C++ Logo

std-proposals

Advanced search

Re: [std-proposals] A Proposal to Add a New Multiset container Method to the Standard Library Technical Report

From: Александр Поваляев <apovalyaev_at_[hidden]>
Date: Wed, 12 Feb 2025 20:52:42 +0300
[[[[[[ My comments below ]]]]]]

ср, 12 февр. 2025 г. в 17:50, Jonathan Wakely <cxx_at_[hidden]>:

>
>
> On Wed, 12 Feb 2025 at 14:36, Александр Поваляев <apovalyaev_at_[hidden]>
> wrote:
>
>> [[[[[My comments below]]]]]
>>
>> ср, 12 февр. 2025 г. в 15:46, Jonathan Wakely <cxx_at_[hidden]>:
>>
>>>
>>>
>>> On Wed, 12 Feb 2025 at 12:12, Александр Поваляев <apovalyaev_at_[hidden]>
>>> wrote:
>>>
>>>> Well, to make things more clear.
>>>> The process of inserting a new element with the same key value might
>>>> lead to a different result (different position of a newly inserted element).
>>>> And the result depends upon whether a hint is being used
>>>> within 'insert' method of std::multiset or not.
>>>> But once the new element has been inserted, the order is preserved
>>>> starting from that moment.
>>>>
>>>> Let's call an 'oldest' element that one which is closest to the
>>>> beginning among all the elements within the same key value.
>>>> To the moment when the 'reduce' method is called.
>>>>
>>>> 'reduce' method is not supposed to use 'equal_range' as we have already
>>>> discovered.
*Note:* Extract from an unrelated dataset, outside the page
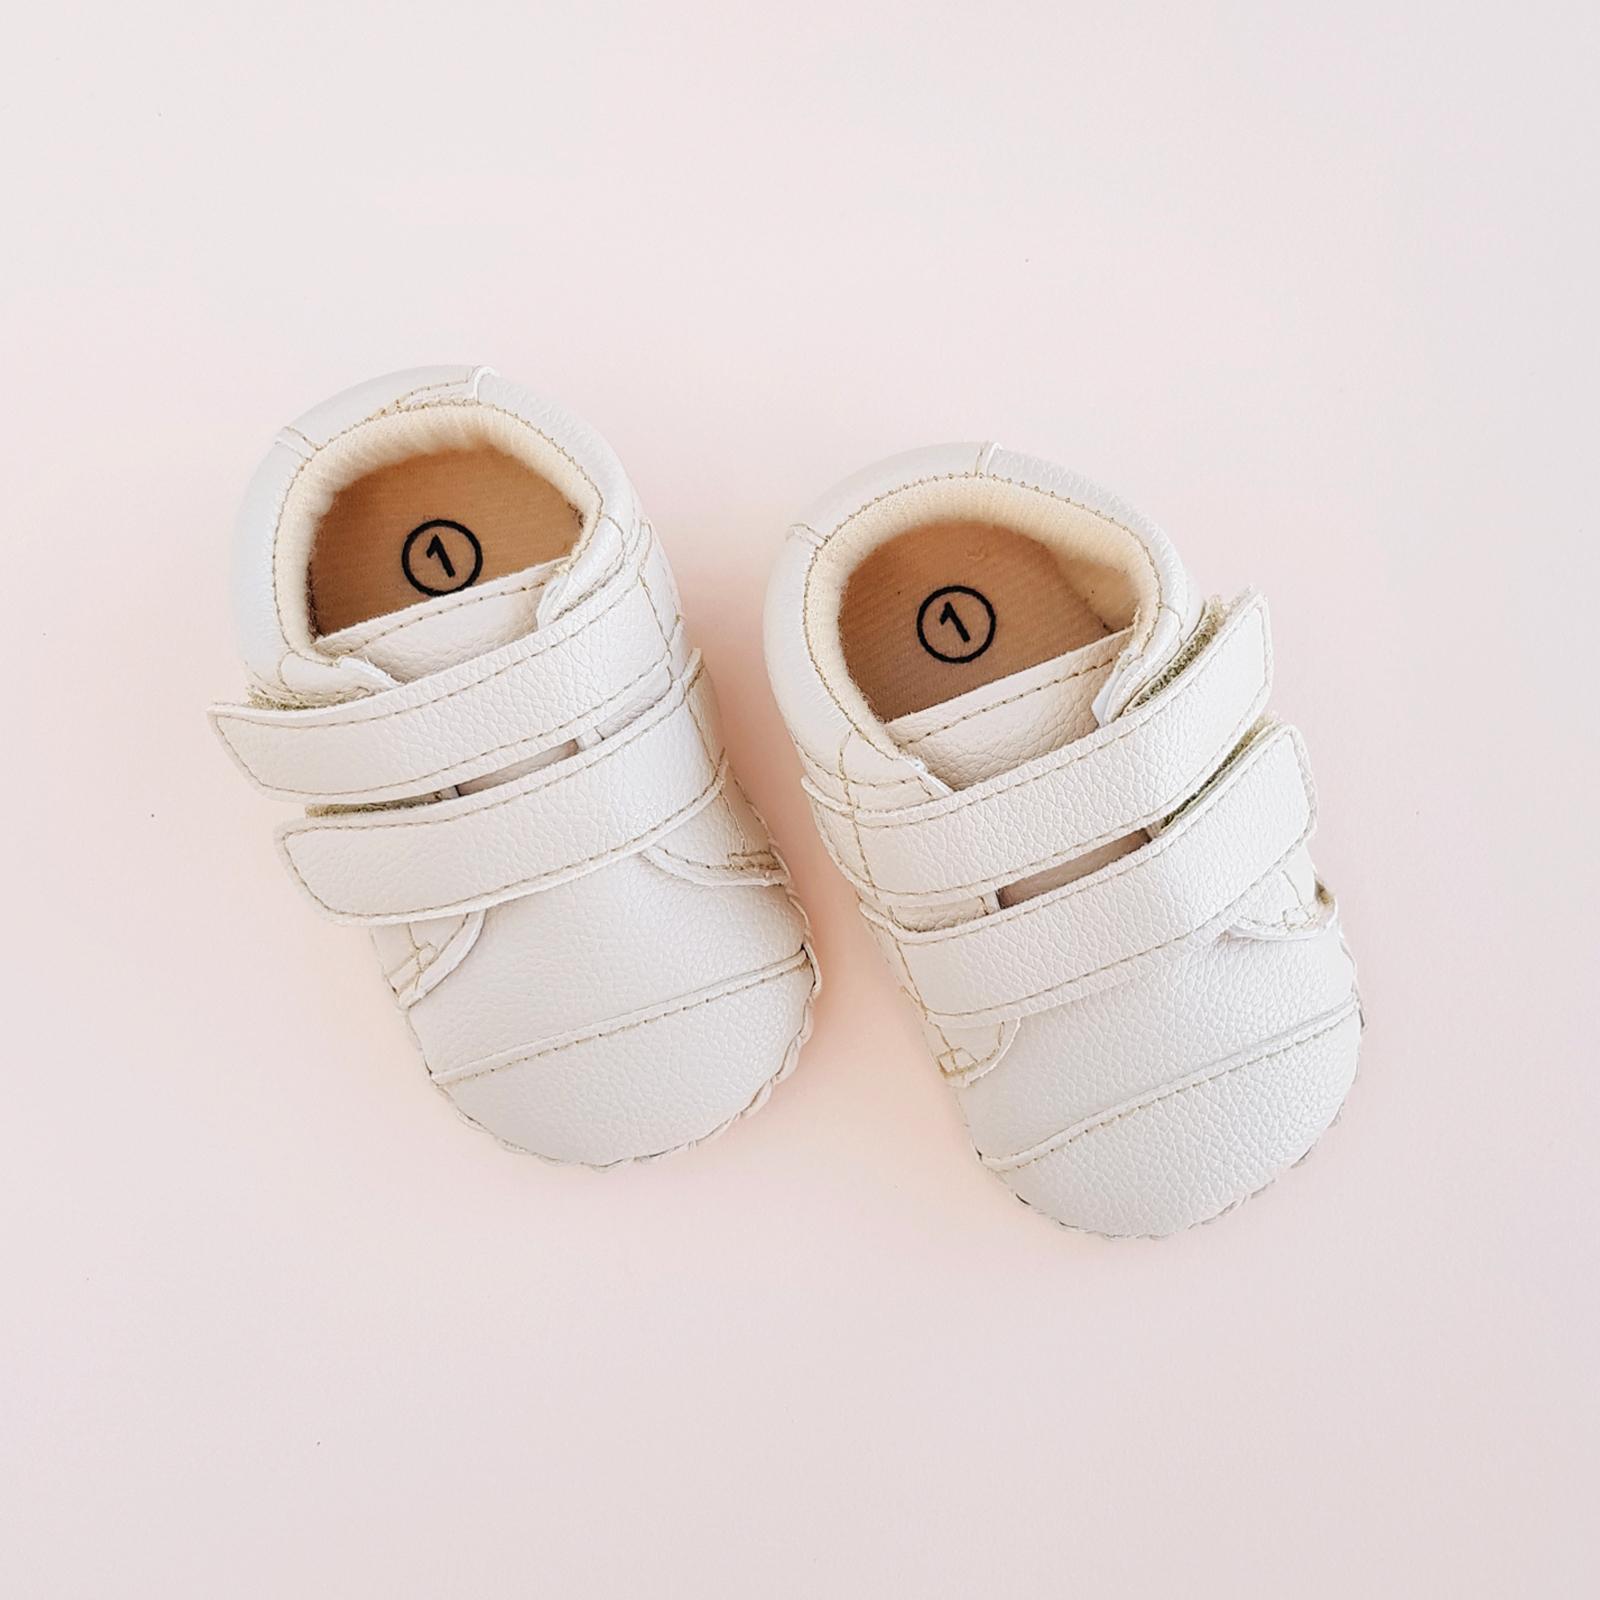 Velcro Shoes1600x1600-1.jpg

Since it would double the number of compare operations required.
>>>>
>>>
>>> I don't agree.
>>>
>>> For example, std::multiset count is 2^20, 'equal_range' will require
>>>> 2*20 compare operations.
>>>>
>>>
>>> For 2^20 equivalent elements, I get 57 comparisons for equal_range. If
>>> you want to remove 1% of those 2^20 equivalent elements, your preferred
>>> approach would require 10k comparisons. But using equal_range would require
>>> 57 comparisons.
>>>
>>> https://godbolt.org/z/E1E5T6daM
>>>
>>> 57 is not double 10k.
>>>
>> Here we are talking about possible implementations.
>> Let me explain to you, how do I count comparison operations needed:
>> * Given a std::multiset of 2^20 elements in total (some of them do have
>> equal keys and some of them don't), 'count' will return 2^20
>> * Let it be a pair of two elements with the same key K (A and B), so both
>> A and B has the same key K and no any other element amongst 2^20 has key K
>> * The order in which these elements are placed inside std::multiset is A
>> then B, so A element is "oldest" and is placed closed to the beginning
>> * So, we're going to delete only one element of these two
>> * We call 'reduce' method of std::multiset container with the following
>> parameters reduce(K, 1)
>> * Here we comes to the place where we can compare two possible
>> implementations you proposed earlier:
>> Implementation 1: 'equal_range' is used and so about 20 * 2
>> comparisons are needed. I get 57 comparisons because a red-black tree is
>> used, not a pure binary.
>> Implementation 2: 'find' method is being used and so, it is required
>> about 20 comparisons (or so, may be 28)
>> * Implementation 2 requires twice as much comparisons as Implementation
>> 1. It is bad, because if a class of elements A and B defines custom
>> comparator, it will work significantly slower.
>> We're talking about STL library implementation (it is a gold standard
>> for industry), so we can't just afford just unnecessary doubling of any
>> operations;
>>
>> * Don't take about O(lnN) or O(N), cause our N is not going to infinity
>> :D, but we know for sure that Implementation 1 works at least twice slower
>> than Implementation 2
>> * I think we will need a third implementation, cause there is a lot of
>> cases which needed to be considered
>>
>
> So make it adaptive:
> https://godbolt.org/z/1jnE4xEEa
>
> I don't consider that necessary. The logarithmic one using equal_range
> wins in general, because optimizing for small sizes isn't usually needed
> (lookup in them is fast enough anyway).
>
[[[[[[Aleksandr]]]]]] I think that anything matters when it is on a
performance path. Selection of the right algorithm makes a significant
difference. Whereas a code optimization can also bring a positive effect.
That is why we're trying to make it more efficient
Implementation1->Implementation2->Implementation3, until everybody agrees
it is optimal for all the use-cases.

So, there was a question: for what particular use-case 'reduce' method can
be used.
I think one of the possible use-cases is 'priority queue which preserves
order of elements'.
Let's consider the case when at some particular moment of time, the
priority queue is consuming only the elements with the equal key.
So in this case, 'starvation' can happen, when at some quite long period of
time a particular element of the priority queue is not handled because all
the newly added elements are inserted before it.


> This still doesn't need to be a new member function of std::multiset
> though.
>
>
>
>

Received on 2025-02-12 17:52:57